Best known for his turn as Pawnee town official Ron Swanson, the actor and real-life Midwesterner Nick Offerman brings the campaign to improve U.S. vaccine confidence a bit of star power.

WASHINGTON (CN) — More than half a century after Elvis got the polio vaccine on "The Ed Sullivan Show," policymakers are well aware of what the right celebrity endorsement can do to move the proverbial needle.
The House Energy and Commerce Subcommittee flexed that same muscle Wednesday as the United States hurtles toward its July 4 goal of vaccinating 70% of the country against Covid-19.
Delivering remote testimony before the committee this morning, the actor Nick Offerman did not technically speak in the voice of his anti-bureaucracy TV character Ron Swanson but, with his trademark deadpan delivery, still achieved the effect of giving his everyman’s take on the pandemic.
“As an actor and woodworker, I will not be offering medical advice today. I leave that to the scientists and medical experts on the panel, aka the 'smart people.' Instead, I would like to represent the rest of the citizens who are not epidemiologists, also known as 'the ignorant,'" Offerman said. “Ignorance is an area in which I can claim some authority and it is from that perch I would like to communicate why it is extremely important that we all get vaccinated.”
On NBC’s "Parks and Recreation," Offerman’s former role as Ron — a gruff but gooey-centered government employee resistant to all authority except for the makers of Lagavulin whisky — made the real-life Midwesterner a good conduit to amp vaccine appeal to the masses.
From the start of the Covid-19 crisis, authorities in the U.S. have struggled to turn conversations about the virus and the vaccine from one focused on politics to a one about public health. About half of all American adults fully vaccinated today, leaving the country at a tenuous corner to reach its Independence Day benchmark.

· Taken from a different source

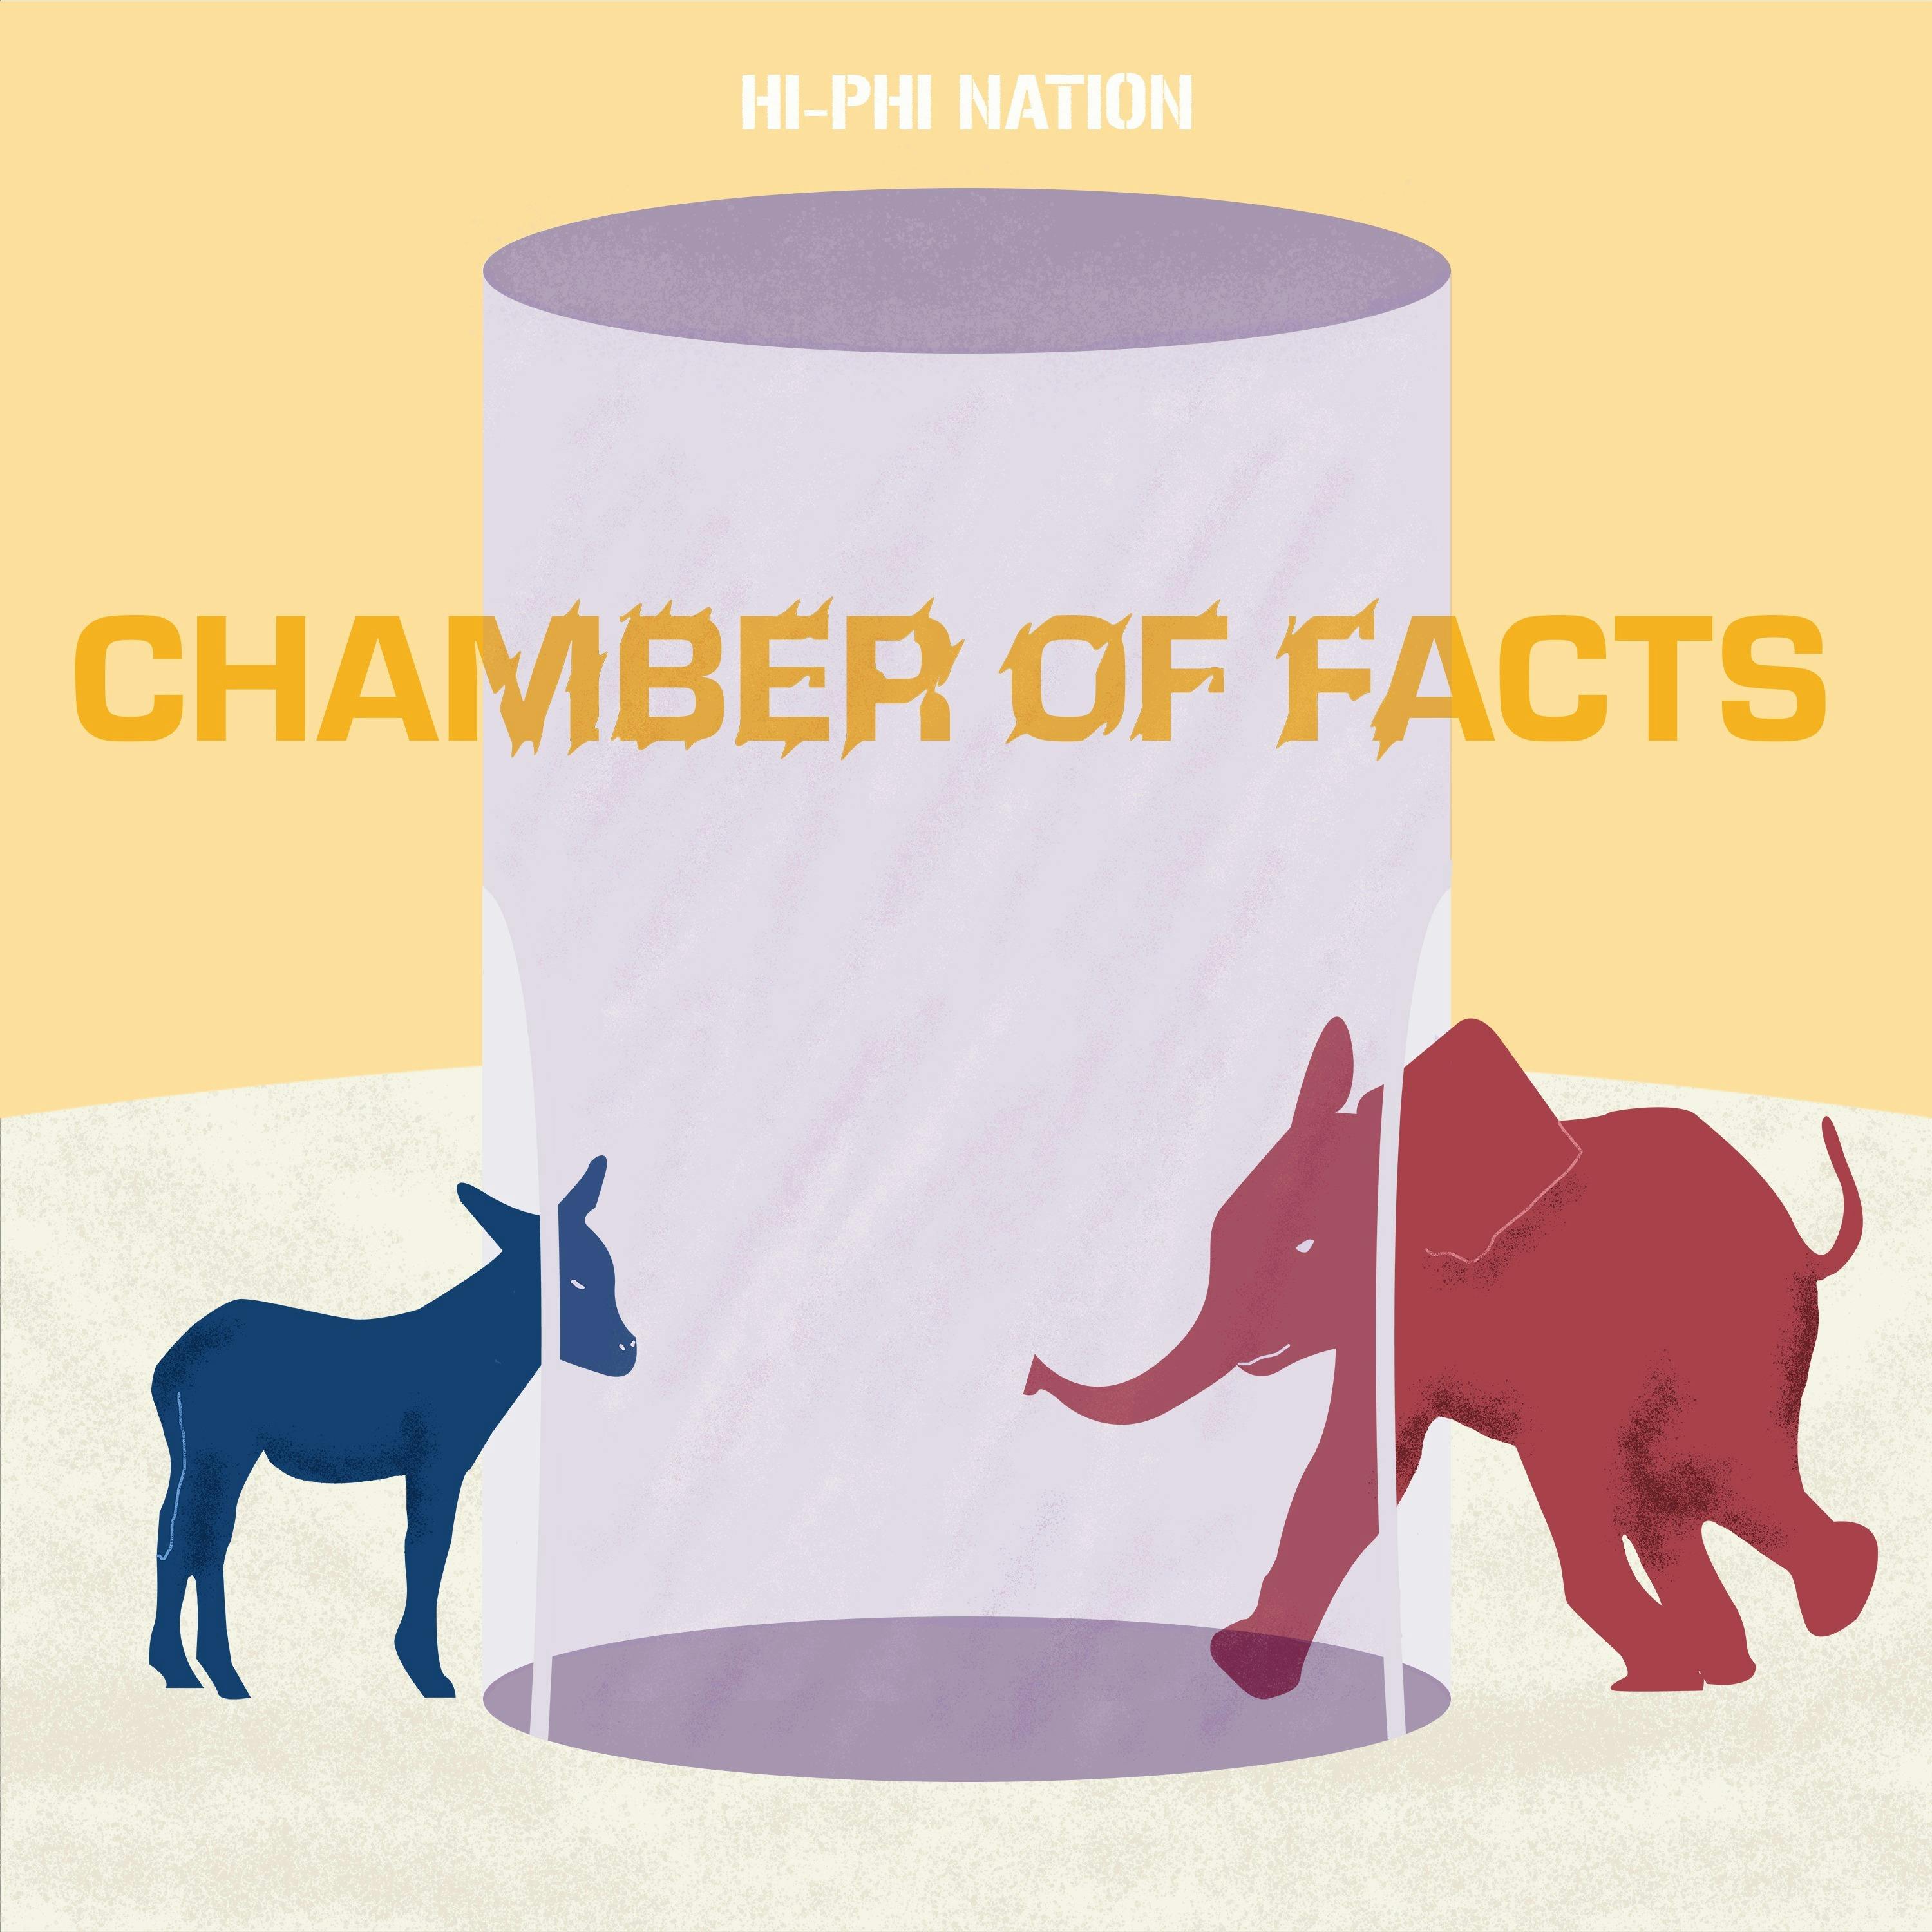 Chamber of Facts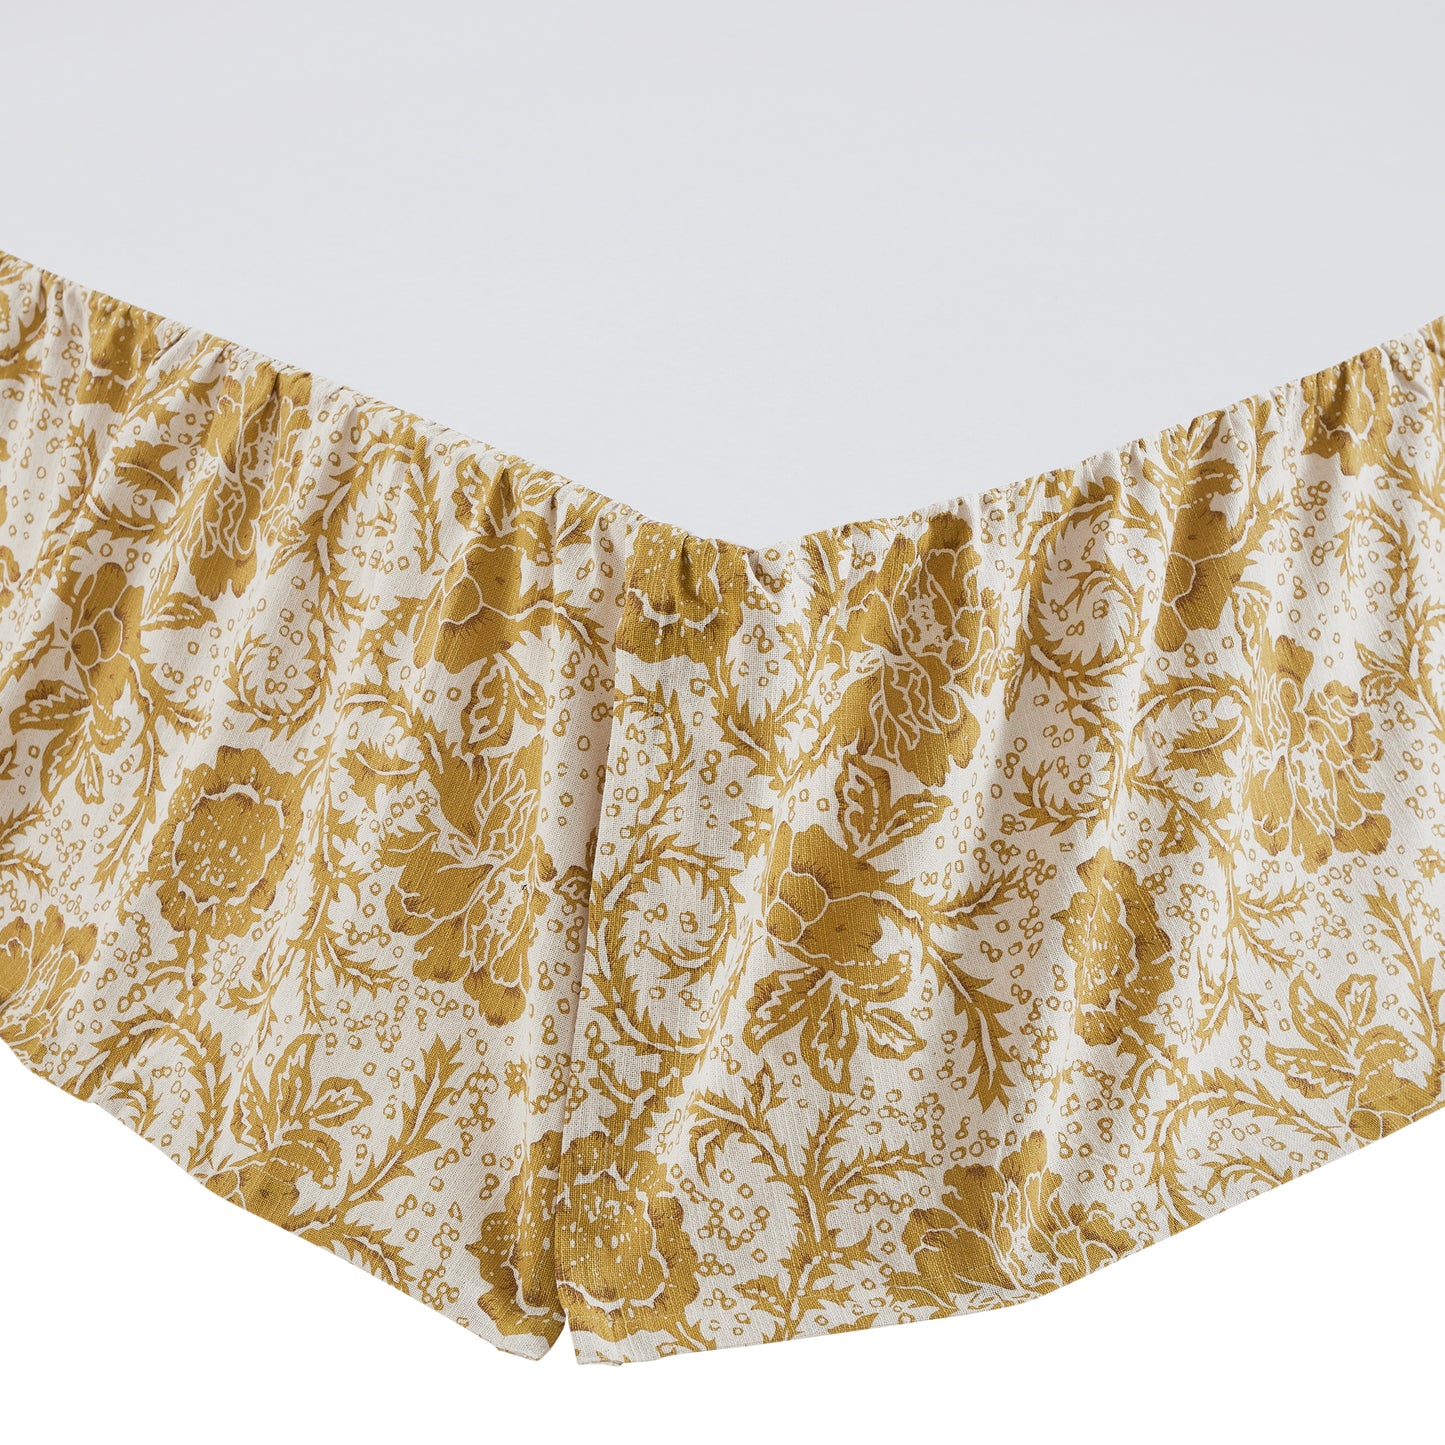 81190-Dorset-Gold-Floral-Queen-Bed-Skirt-60x80x16-image-5

Offerman said he hoped his appearance not just as an actor with a familiar face but as a small business owner — he runs a custom furniture business in Los Angeles — would encourage people to get the shot and realize that they can truly start resuming something that looks like “life as normal” if they do.
With his employees all vaccinated and his furniture business is back open, Offerman said it’s back to normal in the wood shop — albeit still following CDC guidelines on masks and social distancing.
Additionally, because of the ubiquity of vaccines in California, he touted the recent reopening of his nonprofit organization Would Works, which teaches woodworking skills to people experiencing homelessness, after being closed for over a year.
Like many Americans, Offerman said he is part of a family with members who have been resistant to getting the vaccine because of disinformation and misinformation campaigns that have dominated social media. Back home in Minooka, Illinois, Offerman has an extended family of nearly 40 people. When one lawmaker asked him Wednesday how he works on persuading those tough cases, he described what amounted to a rather Swanson-like pragmatism: Tell them you love them, explain they won’t be able to see each other until everyone is vaccinated, stick to that and hope their desire to see their own family overrides the disinformation.
“Medicine doesn’t care who you voted for. We amazing humans have created a vaccine that serves the common good. The vaccine doesn’t take sides unless you count alive versus dead,” Offerman said.
Hesitancy around taking the vaccine for many in America stems in part from the speed with which it was developed and manufactured. First, the vaccine was not developed from zero; researchers the world over and including at the National Institute for Allergy and Infectious Disease in the U.S. had already spent more than 40 years studying SARS, the family of respiratory viruses from which coronavirus sprang. Though it would normally take anywhere from 10 to 15 years on average to produce a vaccine from start to finish, with the world suddenly paralyzed by Covid-19, it was all hands on deck to get the vaccines rolling.